In the incoming colloquium, Mofeed Hassan will present the paper “Semi-supervised Instance Matching Using Boosted Classifiers” from Kejriwal et al., published in the proceedings of ESWC 2015 [PDF].
Instance matching concerns identifying pairs of instances that refer to the same underlying entity. Current state-of-the-art instance matchers use machine learning methods. Supervised learning systems achieve good performance by training on significant amounts of manually labeled samples. To alleviate the labeling effort, this paper presents a minimally supervised instance matching approach that is able to deliver competitive performance using only 2% training data and little parameter tuning. As a first step, the classifier is trained in an ensemble setting using boosting. Iterative semi-supervised learning is used to improve the performance of the boosted classifier even further, by re-training it on the most confident samples labeled in the current iteration. Empirical evaluations on a suite of six publicly available benchmarks show that the proposed system outcompetes optimization-based minimally supervised approaches in 1-7 iterations. The system’s average F-Measure is shown to be within 2.5% of that of recent supervised systems that require more training samples for effective performance.
After that, Michael Röder will present his paper “Detecting Similar Linked Datasets Using Topic Modelling” that has been accepted by the upcoming ESWC 2016 [PDF].

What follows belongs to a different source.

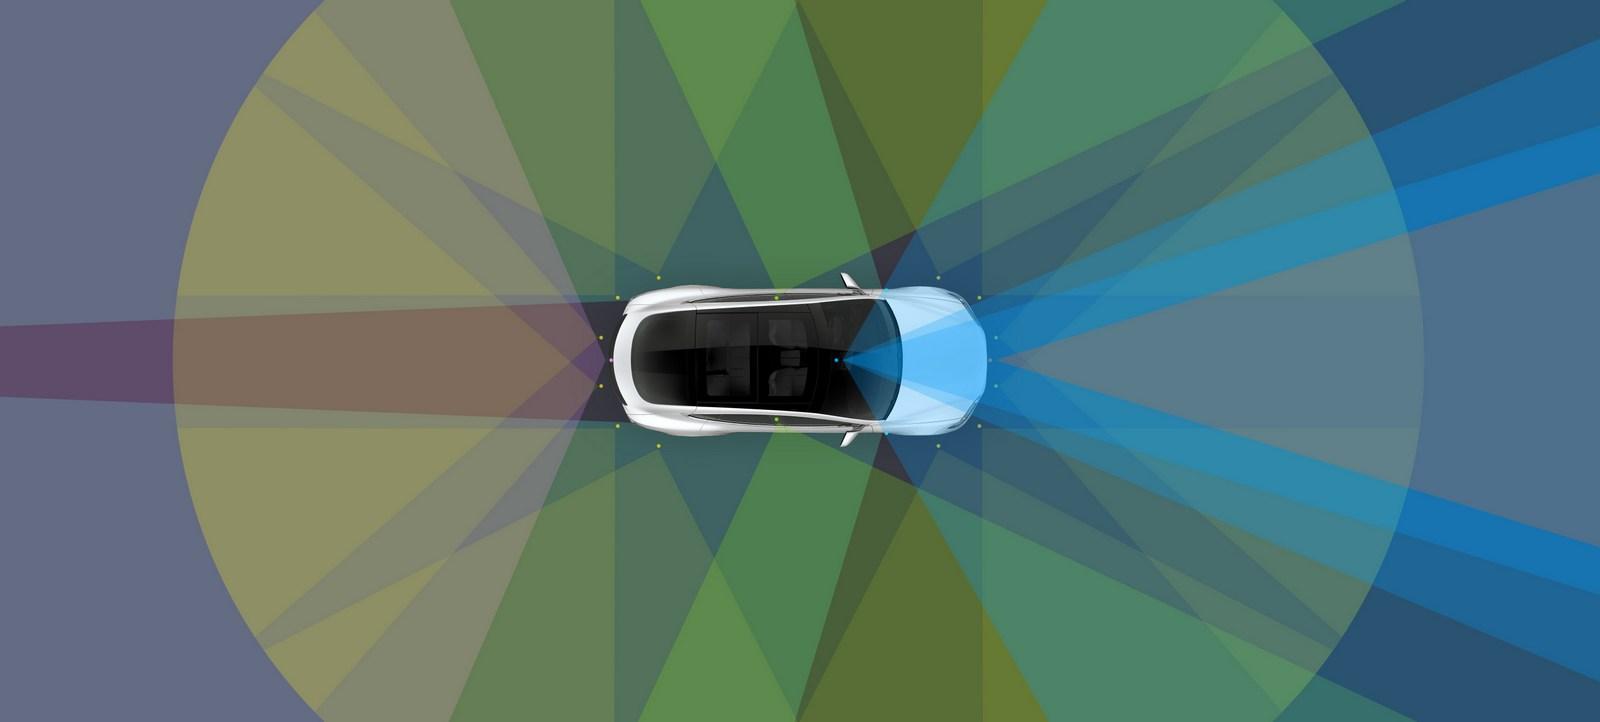 tesla-amd-autonomous-driving-chip-6.jpg

The Web of data is growing continuously with respect to both the size and number of the datasets published. Porting a dataset to five-star Linked Data however requires the publisher of this dataset to link it with the already available linked datasets. Given the size and growth of the Linked Data Cloud, the current mostly manual approach used for detecting relevant datasets for linking is obsolete. We study the use of topic modelling for dataset search experimentally and present TAPIOCA, a linked dataset search engine that provides data publishers with similar existing datasets automatically. Our search engine uses a novel approach for determining the topical similarity of datasets. This approach relies on probabilistic topic modelling to determine related datasets by relying solely on the metadata of datasets. We evaluate our approach on a manually created gold standard and with a user study. Our evaluation shows that our algorithm outperforms a set of comparable baseline algorithms including standard search engines significantly by 6% F1-score. Moreover, we show that it can be used on a large real world dataset with a comparable performance.
About the AKSW Colloquium
This event is part of a series of events about Semantic Web technology. Please see http://wiki.aksw.org/Colloquium for further information about previous and future events. As always, Bachelor and Master students are able to get points for attendance and there is complimentary coffee and cake after the session.